Shepherd? Metaphorically.
Undead, blood drinking culty vampire? Totally.
Sure there are no mirrors or garlic in the Bible, but all of the other signs are there: he got a bunch of blue-collar fishermen to quit their jobs on the spot in exchange for eternal life and all of the men they can fish for, he invited a bunch of his best buds over to drink his blood, he slept in a tomb for a whole long weekend, he rose from the dead, and he’s coming back for a big budget sequel. Don’t smite me over it! It was the Norwegian, dramedy, horror flick Vidar the Vampire that dared me to posit such a blasphemous hypothesis. I’m just the humble messenger who had the committed the sin of watching it. 
(I am totally ok with these ideas as I am soulless - Ed.)

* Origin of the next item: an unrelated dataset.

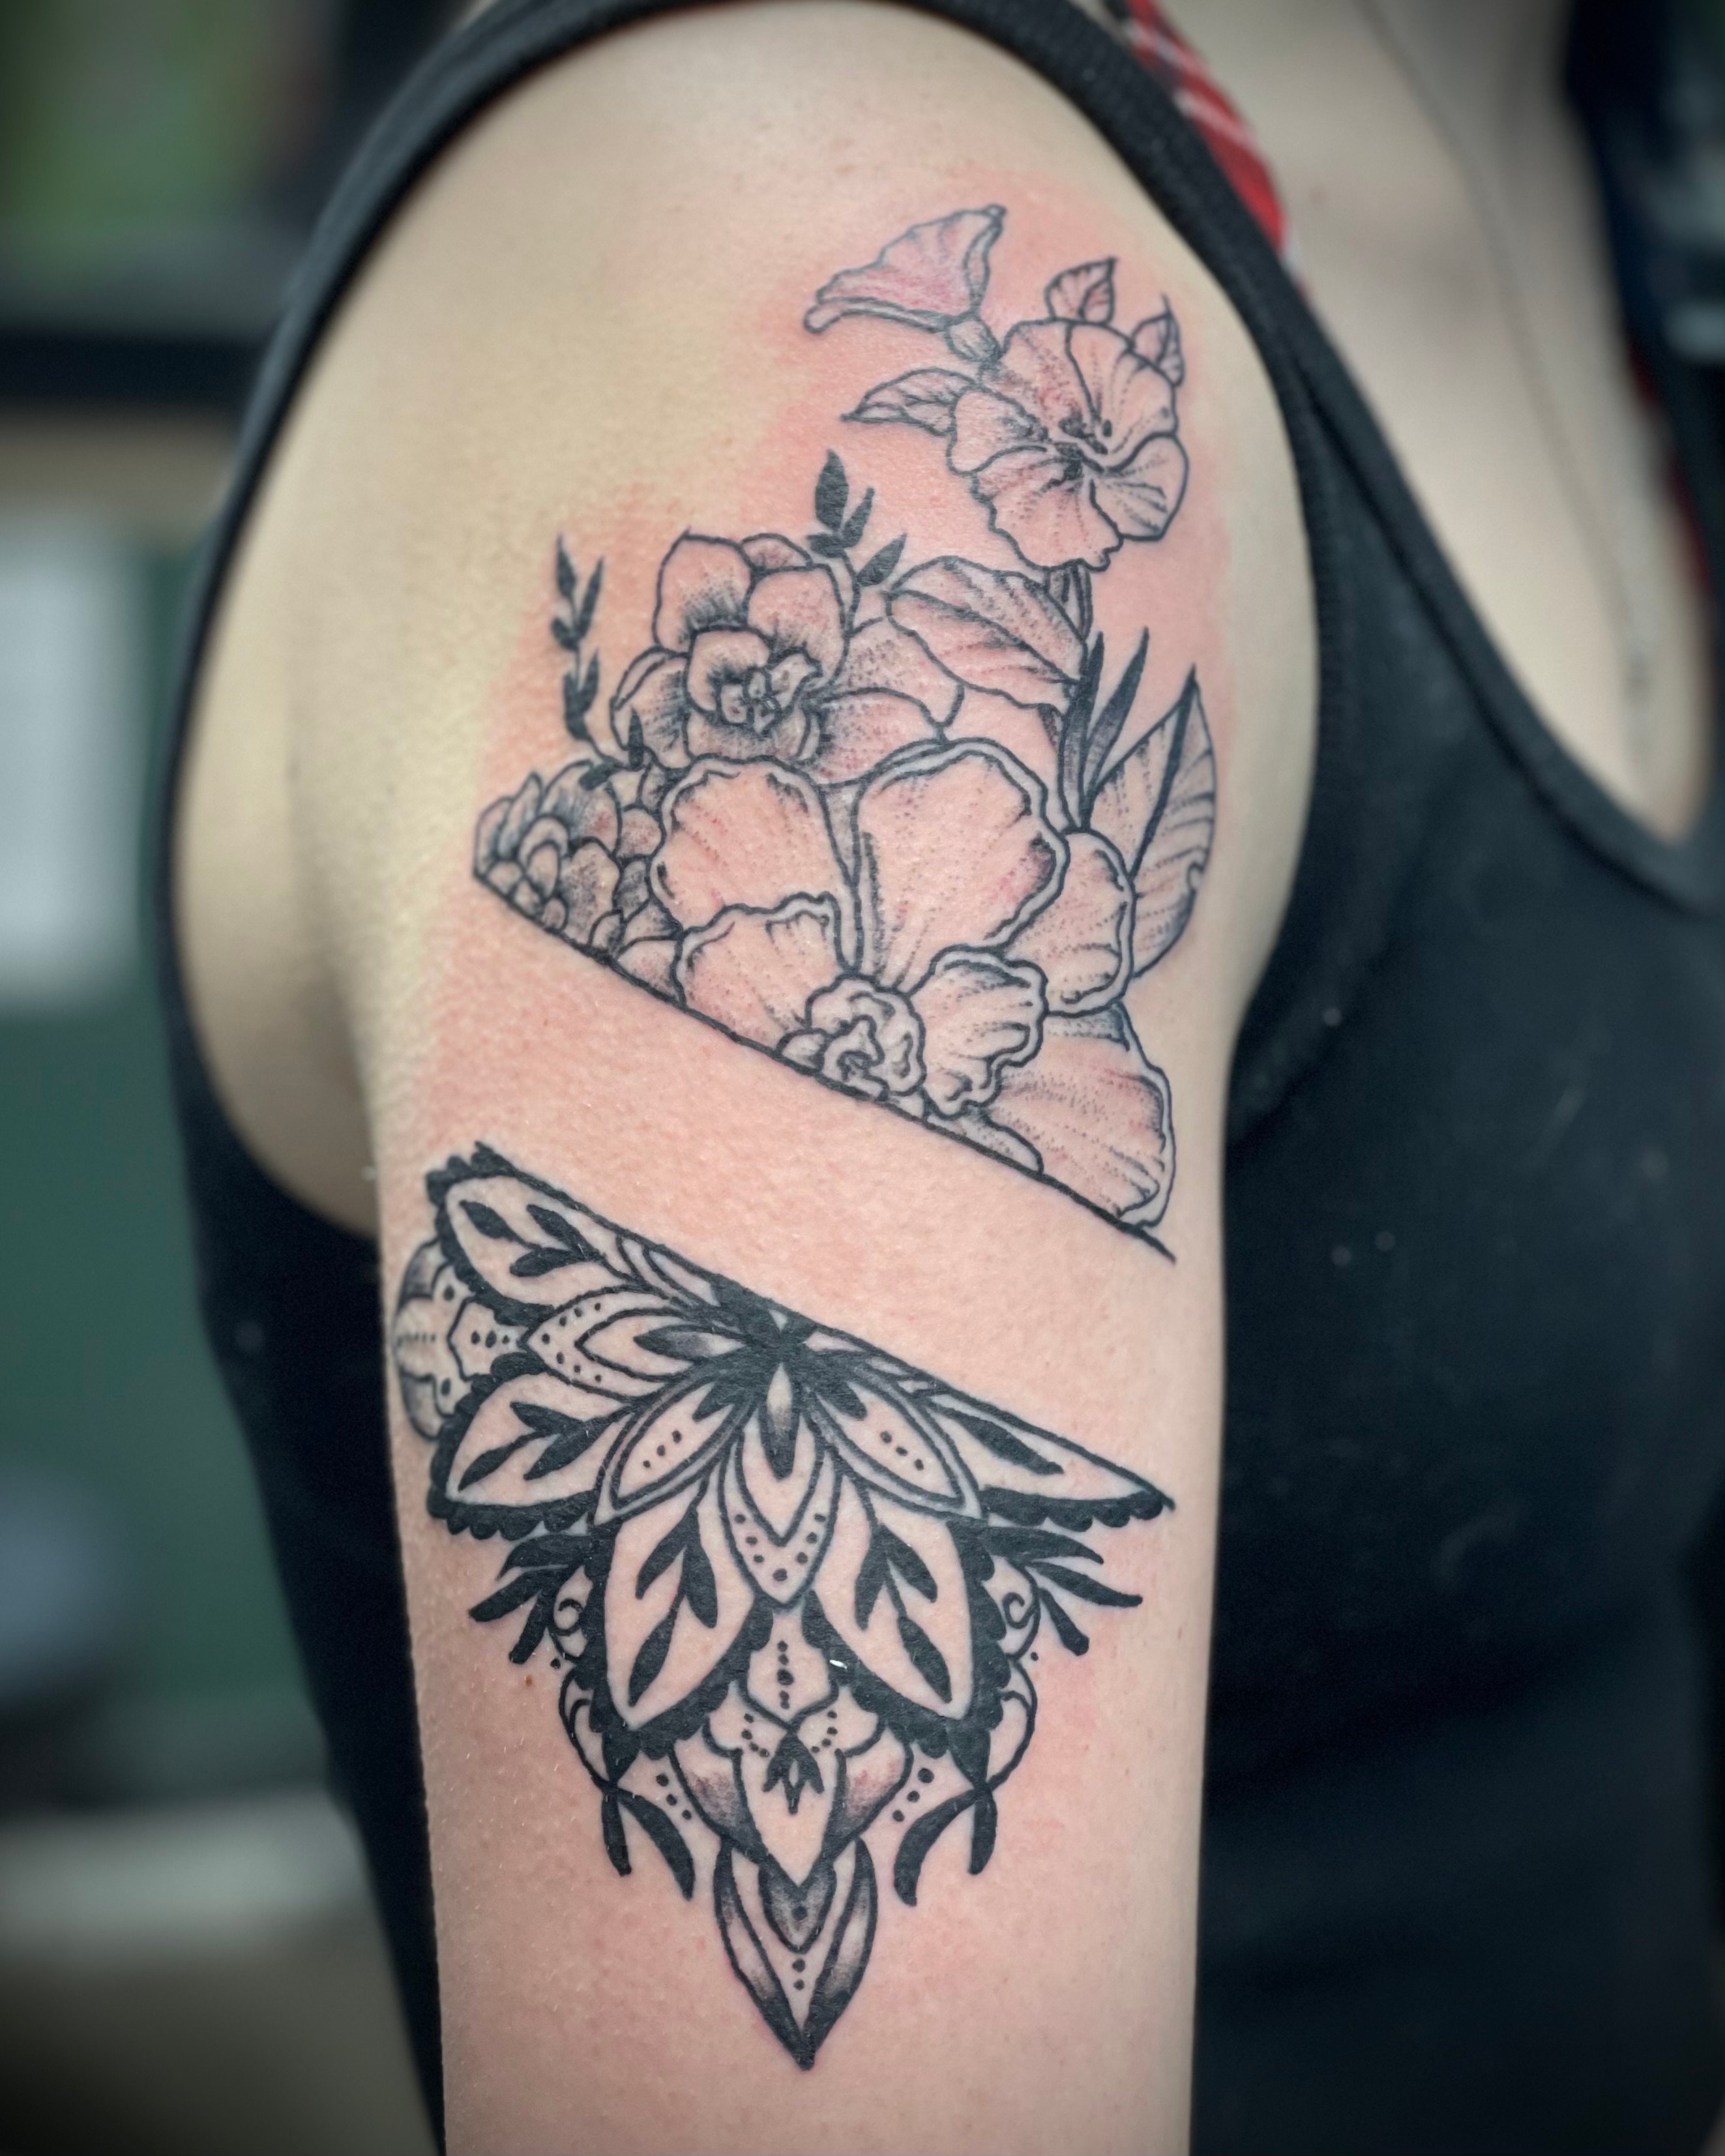 Tattoos for Women - cut sleeve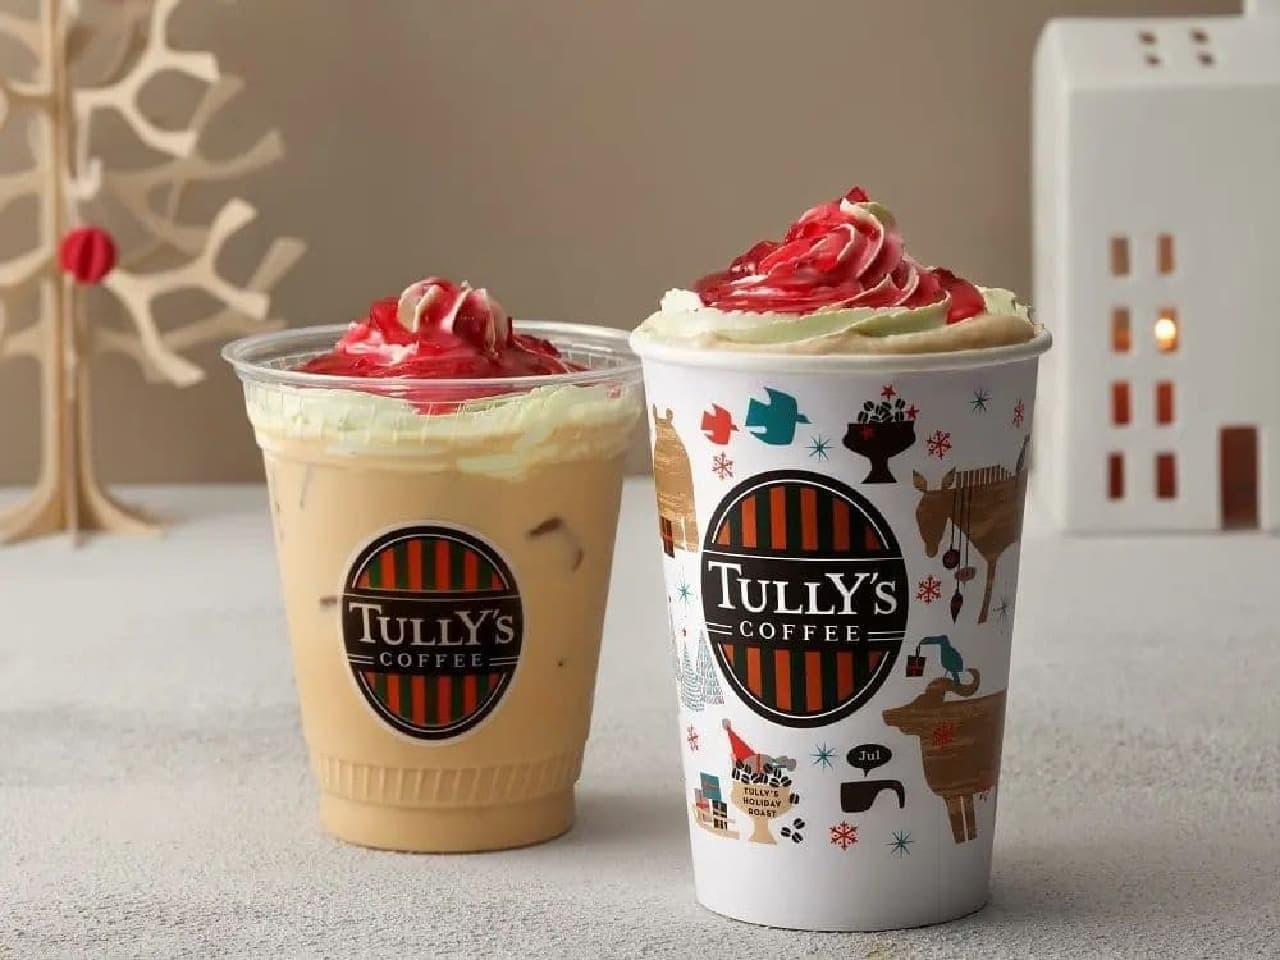 Tully's Coffee "& TEA Pistachio & Berry Milk Tea".

Let’s look to the parable of Vidar (Thomas Aske Berg), the young Norwegian child who got caught in the rut of being a “good boy” and grew up to suffer the terrible fate of being a good man. He always did what he thought was required of him. He got up early to take care of the farm chores while his ailing mother lay in bed, he attended church when he could, and always remembered his evening prayers. He lived selflessly. By the time he was thirty-three, he was frustrated, sexless, and ashamed. All he had to show for his life was a deep and practiced self-loathing and a cache of dirty mags. He got down and his knees and prayed to Jesus Christ. He prayed for salvation from the insufferable doldrums of his life, and Jesus (Brigt Skrettingland) answered his prayers by making him in his own image. A vampire.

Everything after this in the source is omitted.